Oscillations • Topic 3 of 3

Spring & Pendulum Systems

Two systems show up again and again as textbook examples of SHM: a block attached to a spring and a simple pendulum. Both produce a restoring force proportional to displacement, so both oscillate harmonically (for small displacements in the pendulum's case).

Spring–mass system. A mass $m$ attached to a spring of force constant $k$ obeys Hooke's law, $F=-kx$. Comparing with $F=-m\omega^2 x$ gives $\omega^2=\frac{k}{m}$, so $\omega=\sqrt{\frac{k}{m}}$ and the time period is $T=2\pi\sqrt{\frac{m}{k}}$. Notice that $T$ increases with mass and decreases with stiffness, and — importantly — the period of an ideal spring–mass oscillator is independent of $g$, so it would be the same on the Moon as on Earth.

Springs in series: the effective force constant is smaller, $\frac{1}{k_s}=\frac{1}{k_1}+\frac{1}{k_2}$. For two identical springs of constant $k$, $k_s=\frac{k}{2}$ — the combination is softer, so the period is longer.
Springs in parallel: the effective force constant adds, $k_p=k_1+k_2$. For two identical springs, $k_p=2k$ — the combination is stiffer, so the period is shorter.

Simple pendulum. A point mass (bob) on a light inextensible string of length $L$, displaced by a small angle, experiences a restoring force $-mg\sin\theta\approx -mg\theta$ (using the small-angle approximation $\sin\theta\approx\theta$ for $\theta$ in radians, valid for angles up to roughly $10^\circ$). This leads to SHM with $\omega=\sqrt{\frac{g}{L}}$ and time period $T=2\pi\sqrt{\frac{L}{g}}$. The period depends only on the length and on $g$ — it is independent of the mass of the bob and of the amplitude (for small swings). A longer pendulum, or a place with smaller $g$, swings more slowly.

Damped oscillations. Real oscillators lose energy to friction and air resistance. A damping force proportional to velocity, $F_d=-bv$, causes the amplitude to decay exponentially with time, $A(t)=A_0 e^{-bt/2m}$, while the frequency shifts slightly below the natural value. Light damping gives a slow ring-down; heavy damping (over-damping) returns the system to rest without oscillating.

Forced oscillations and resonance.
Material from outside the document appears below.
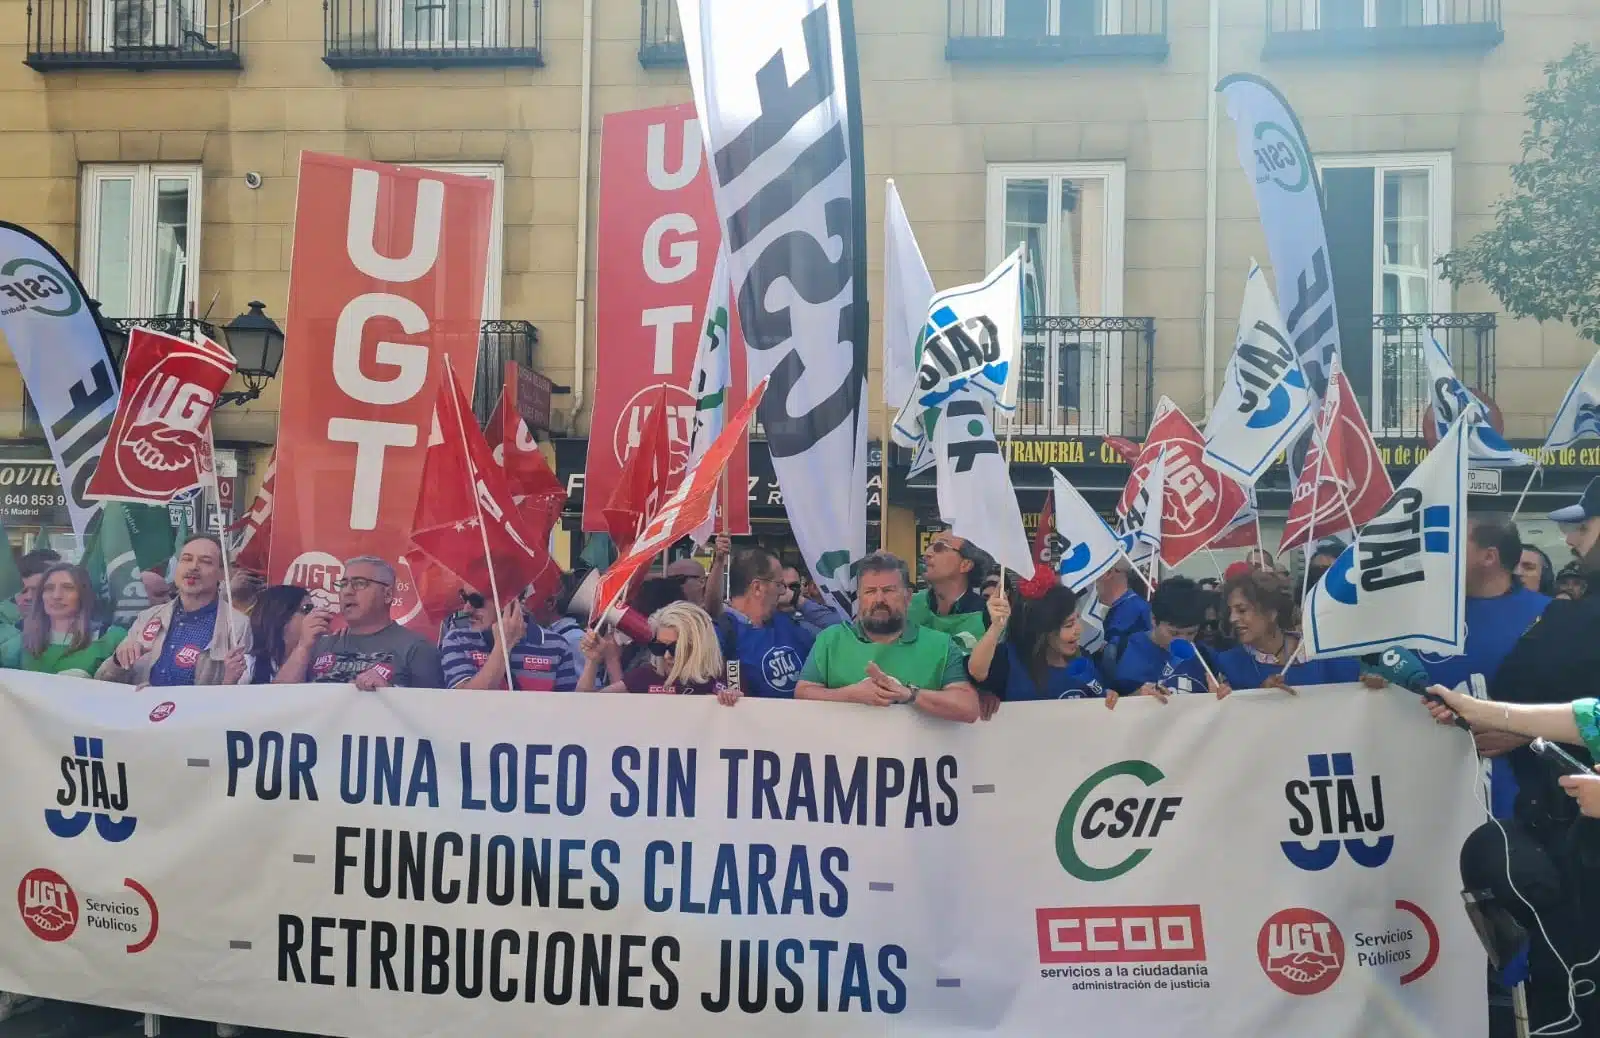 Los sindicatos exigen al Gobierno que haga ya una oferta económica como a LAJs, jueces y fiscales o estudiarán una huelga indefinida

If an external periodic force of frequency $\omega_d$ drives the oscillator, the system settles into steady oscillation at the driving frequency. When the driving frequency matches the system's natural frequency ($\omega_d\approx\omega_0$), the amplitude grows very large — this is resonance. Resonance explains why a pushed swing builds up, why soldiers break step on bridges, and how radios tune in. The less damped the system, the taller and narrower the resonance peak.

Solved Examples

Worked Example

A 0.5 kg mass attached to a spring of force constant $200\ \text{N/m}$ oscillates on a frictionless surface. Find the time period of oscillation.

Solution

Step 1: Use $T=2\pi\sqrt{\frac{m}{k}}$.
Step 2: Substitute: $T=2\pi\sqrt{\frac{0.5}{200}}=2\pi\sqrt{0.0025}$.
Step 3: $\sqrt{0.0025}=0.05$, so $T=2\pi\times0.05=0.1\pi\approx0.314\ \text{s}$.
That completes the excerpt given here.